L’induction de la mémoire à long terme (LTM) chez la drosophile par l’apprentissage olfactif-électrique induit la localisation de l’ARNm CaMKIIα au niveau

post-synaptique où il est alors traduit. Ce mécanisme est régulé par le complexe RISC, dont l’hélicase Armitage, une protéine nécessaire à la mise en place de la LTM. Celle-ci est localisée à l’épine et dégradée par le protéasome suite à l’induction de la LTM. Ainsi, l’inhibition du complexe RISC, et par conséquent le retrait des miARNs, permettrait la traduction de facteurs nécessaires à la mise en place de la LTM (Ashraf, McLoon et al. 2006). Chez la drosophile, le transcrit de Stau possède en son 3’UTR des sites de liaison pour miR-280 et miR-305. Les niveaux de Stau, CaMKII, et de la kinesin heavy chain se trouvent augmentés lors de l’expression d’un mutant d’Armitage. Il est donc intéressant de supposer que l’induction de la LTM permettrait la traduction du transcrit de dStau en inhibant certains composants du complexe RISC permettant ainsi à dStau de transporter les transcrits nécessaires à la mise en œuvre de la LTM (Ashraf, McLoon et al. 2006).

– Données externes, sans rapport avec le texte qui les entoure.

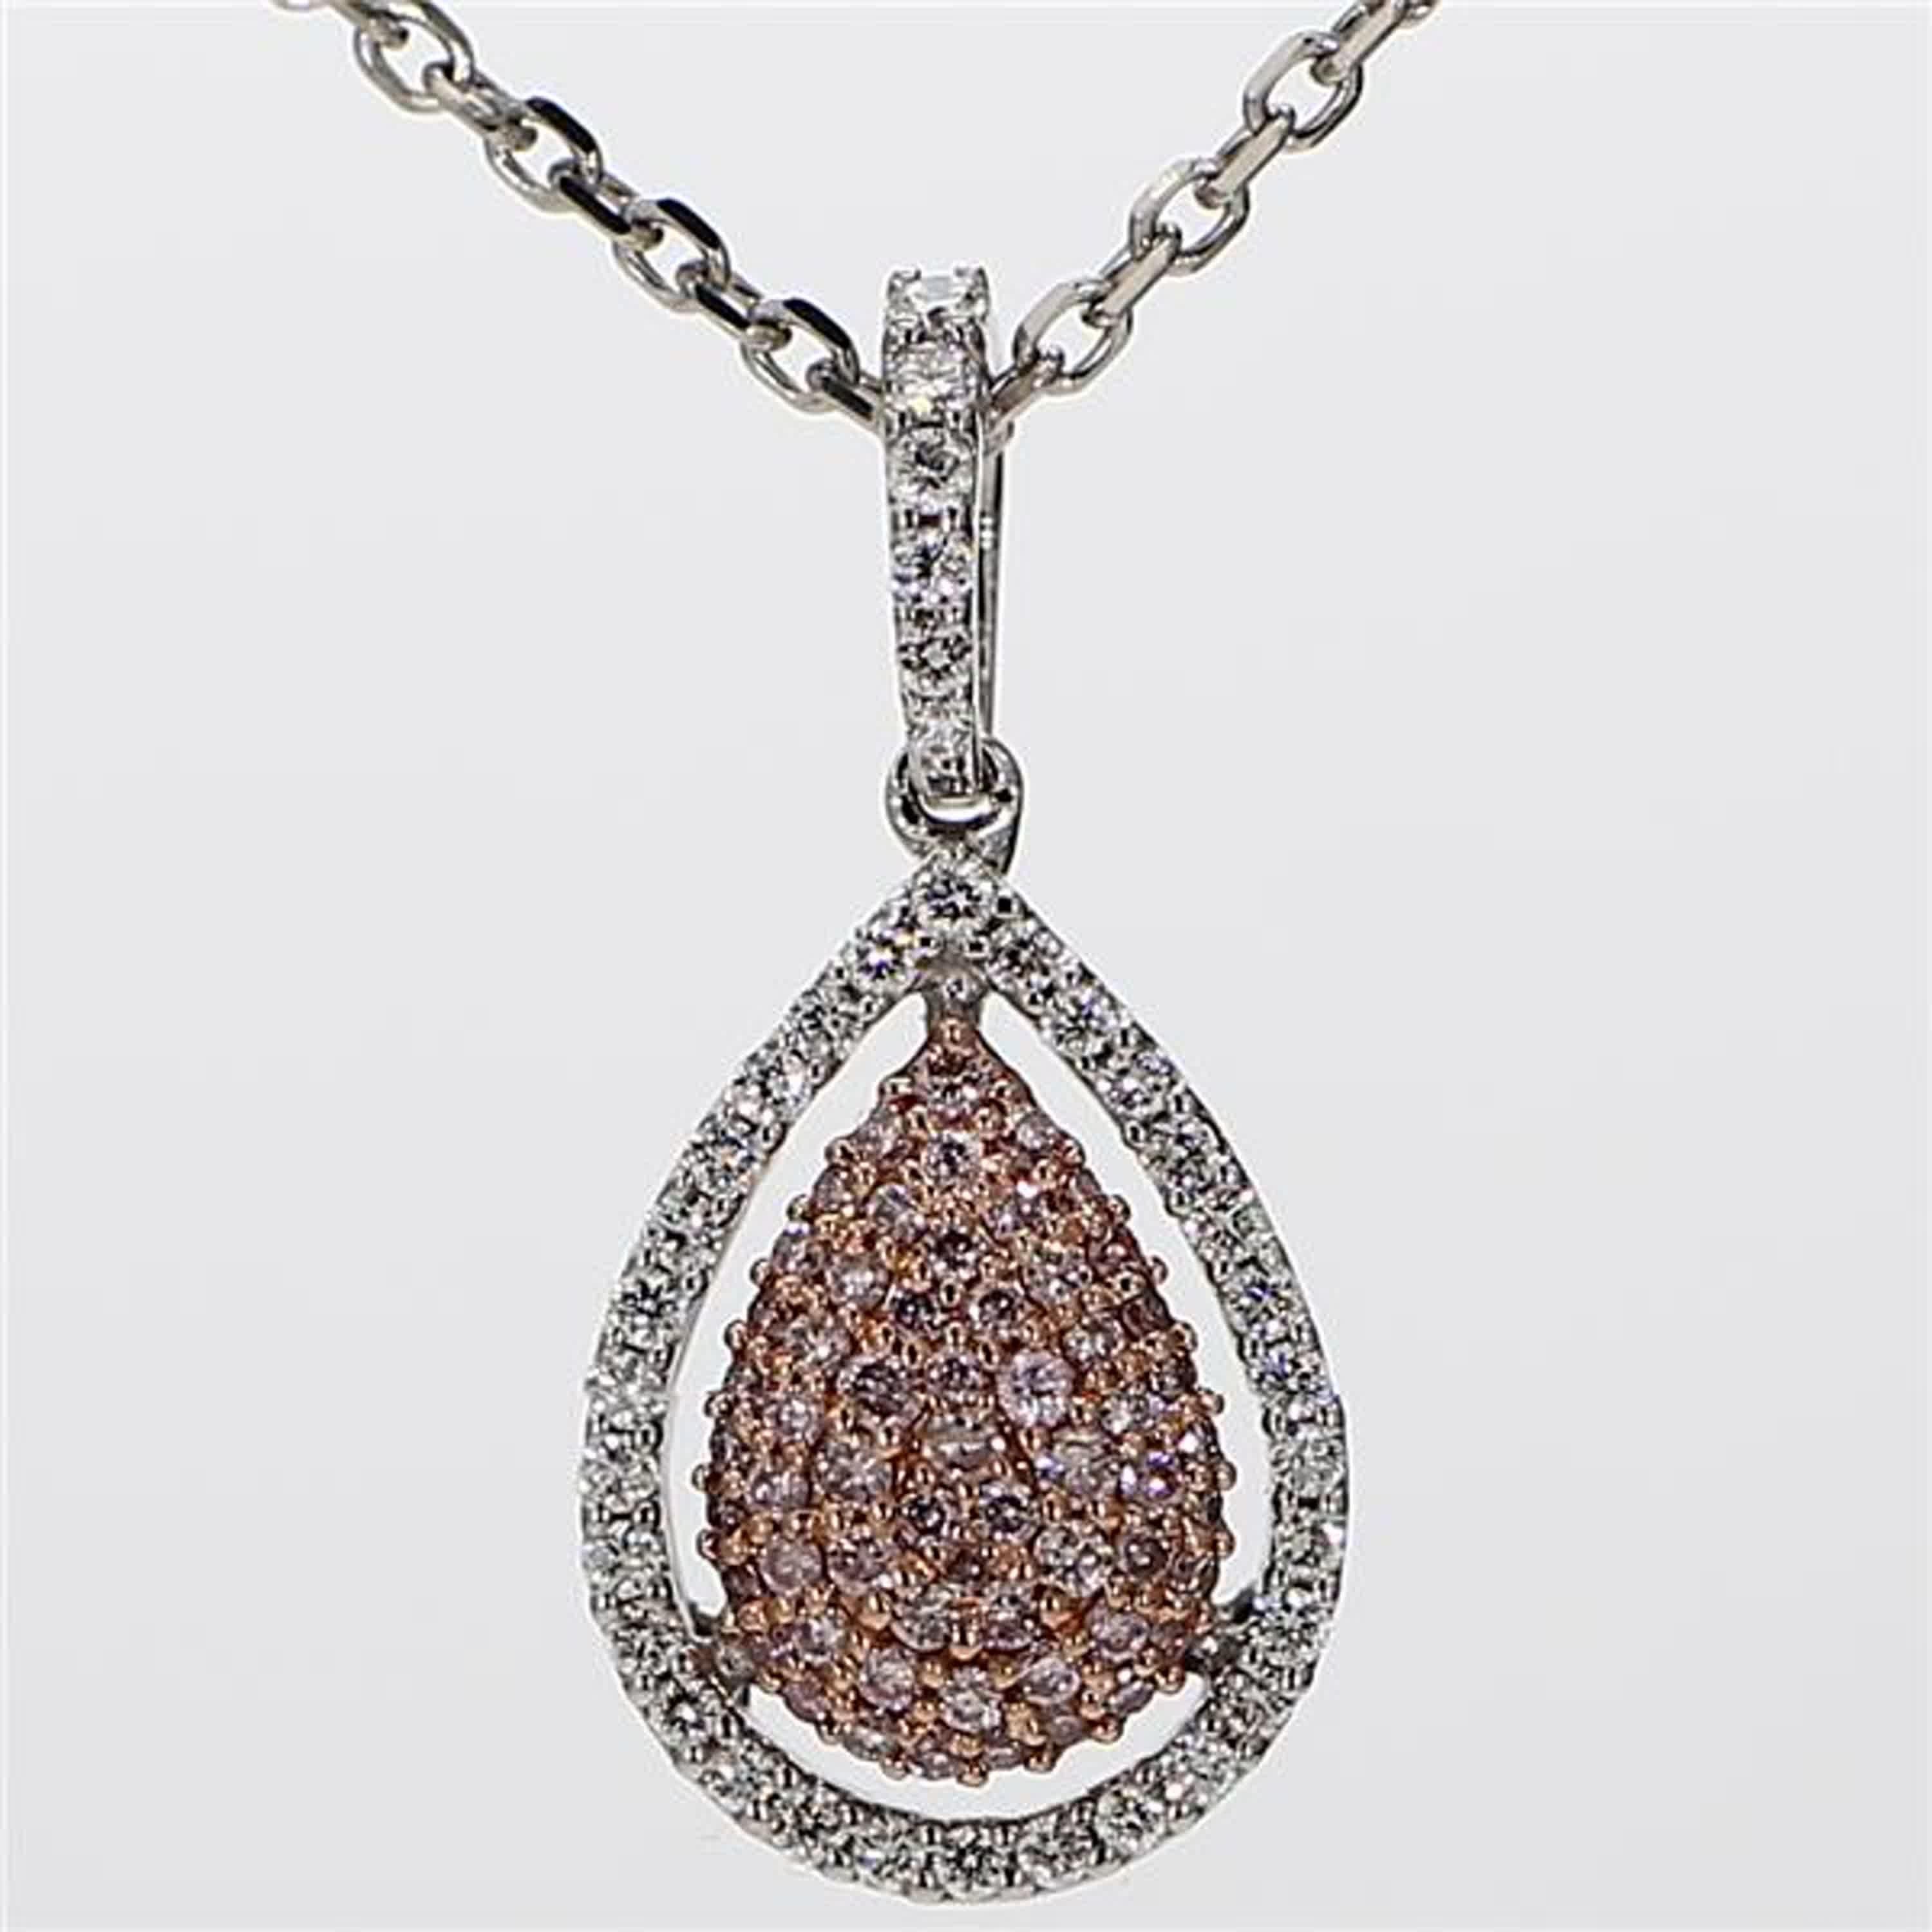 RareGemWorld's classic diamond pendant. Mounted in a beautiful 18K Rose and White Gold setting with natural round pink diamond melee complimented by natural round white diamond melee in a beautiful pear shape. This pendant is guaranteed to impress
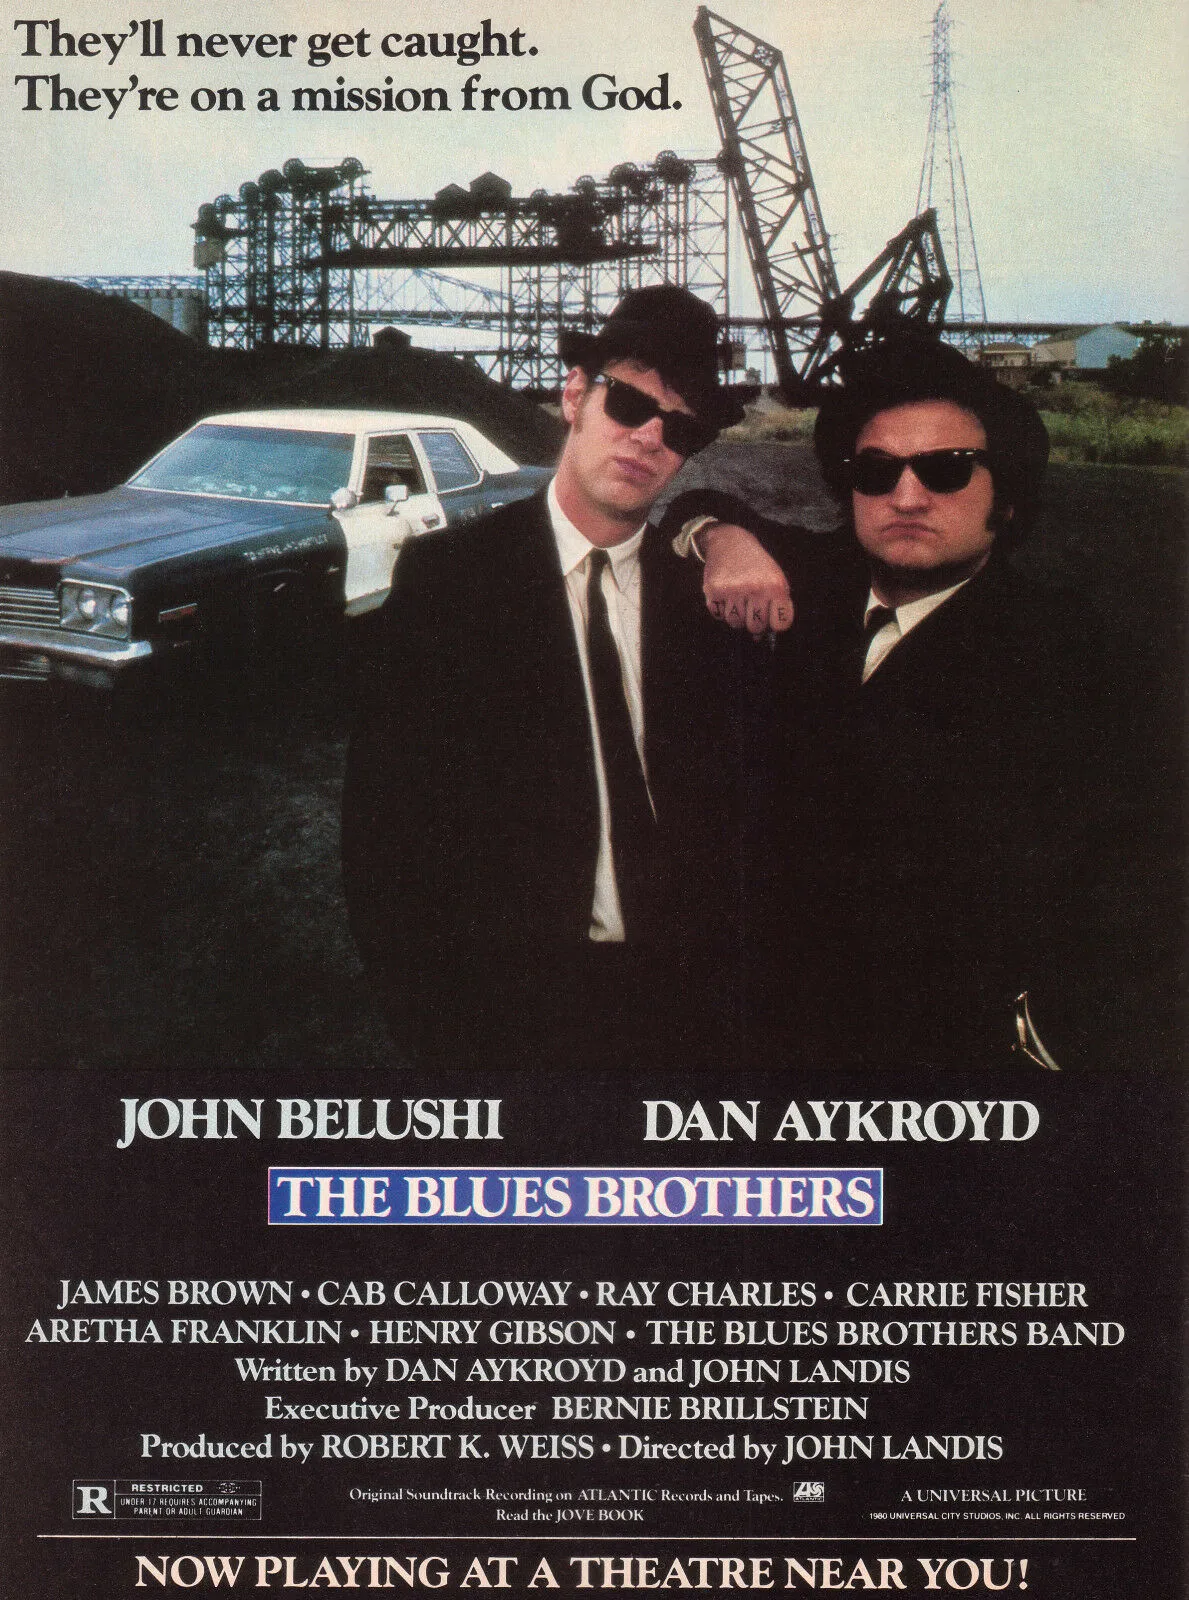 THE BLUES BROTHERS Paintings Art Film Print Silk Poster Home Wall Decor 60x90cm

En terminant, nous discuterons de miR-134, un miRNA spécifiquement exprimé au niveau du cerveau. miR-134 est un régulateur négatif de la taille des épines dendritiques (Schratt, Tuebing et al. 2006). Celui-ci se lie au niveau du 3’UTR de l’ARNm de Limk1 et inhibe la traduction de ce transcrit. Limk1 est une kinase qui phosphoryle les protéines ADF/cofiline, des protéines responsables de la dépolymérisation des filaments d’actine et inhibe ainsi leur action (Yang, Higuchi et al. 1998; Bamburg 1999). L’activation de la synapse par le BDNF a pour conséquence de soulever l’inhibition traductionnelle induite par miR-134, permettant ainsi la traduction de Limk1 qui, à son tour, va pouvoir inhiber les protéines ADF/cofilines et permettre la polymérisation de l’actine au niveau de l’épine synaptique. Le remodelage de l’épine va induire une augmentation de son volume principalement au niveau de la largeur (Schratt, Tuebing et al. 2006).